Advanced Chain-of-Thought Mastery

Stack CoT with role + self-critique for 60%+ accuracy on multi-evidence reasoning.

THE MINDSET SHIFT

“Naive Chain-of-Thought looks impressive. It writes paragraphs of reasoning. And it picks the wrong answer roughly 4 times out of 10 — because the model still pattern-matches the most familiar story instead of weighing the evidence.”
— SHE · YOUR AI GUIDE

Wei et al. (2022) proved Chain-of-Thought prompting jumps reasoning accuracy 43% on hard tasks. That headline number sent everyone scrambling to bolt "think step by step" onto every prompt. The trap: CoT doesn't make the model think harder, it makes the model write more. Two very different things.

Kahneman's dual-process theory explains why. System 1 (fast, pattern-matching, intuitive) is what generates the obvious first answer. System 2 (slow, deliberate, evidence-weighing) is what catches when System 1 is wrong.
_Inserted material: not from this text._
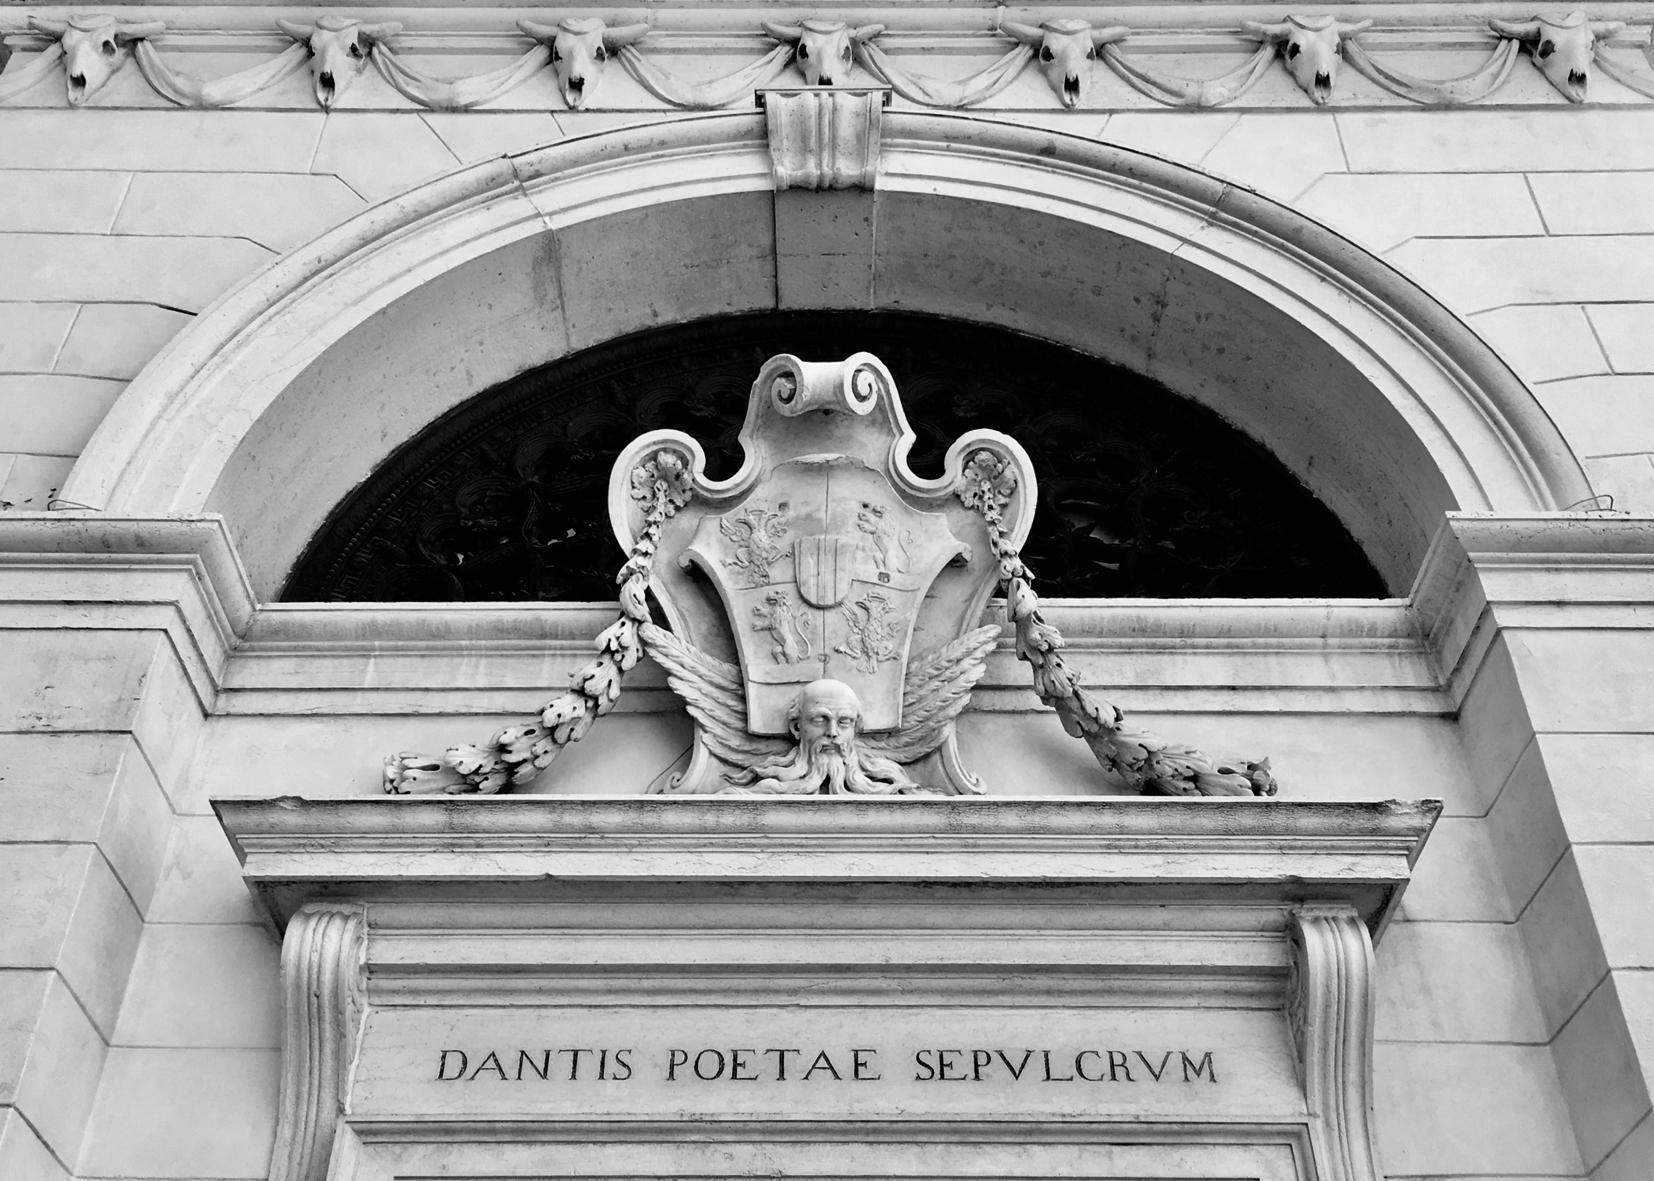 Sepolcro Di Dante

Naive CoT fakes System 2 by writing prose, but the underlying inference still runs System 1 — the model commits to a story in the first paragraph and rationalizes the rest.

The production fix is structural. You scaffold the reasoning into discrete checkpoints, force confidence scoring per step, then add an explicit self-critique pass that asks "where am I weighting familiarity over evidence?" This is the move that gets you from 8B-model-level CoT to frontier-model-level reasoning — on the same model.

“Naive CoT improves accuracy 43% on reasoning benchmarks”

Wei et al., Chain-of-Thought Prompting, NeurIPS 2022

“Self-critique + CoT adds another 17–22 points on multi-evidence tasks”

Madaan et al., Self-Refine, NeurIPS 2023

“CoT REDUCES accuracy on simple lookup tasks by ~9%”

Sprague et al., To CoT or Not to CoT, 2024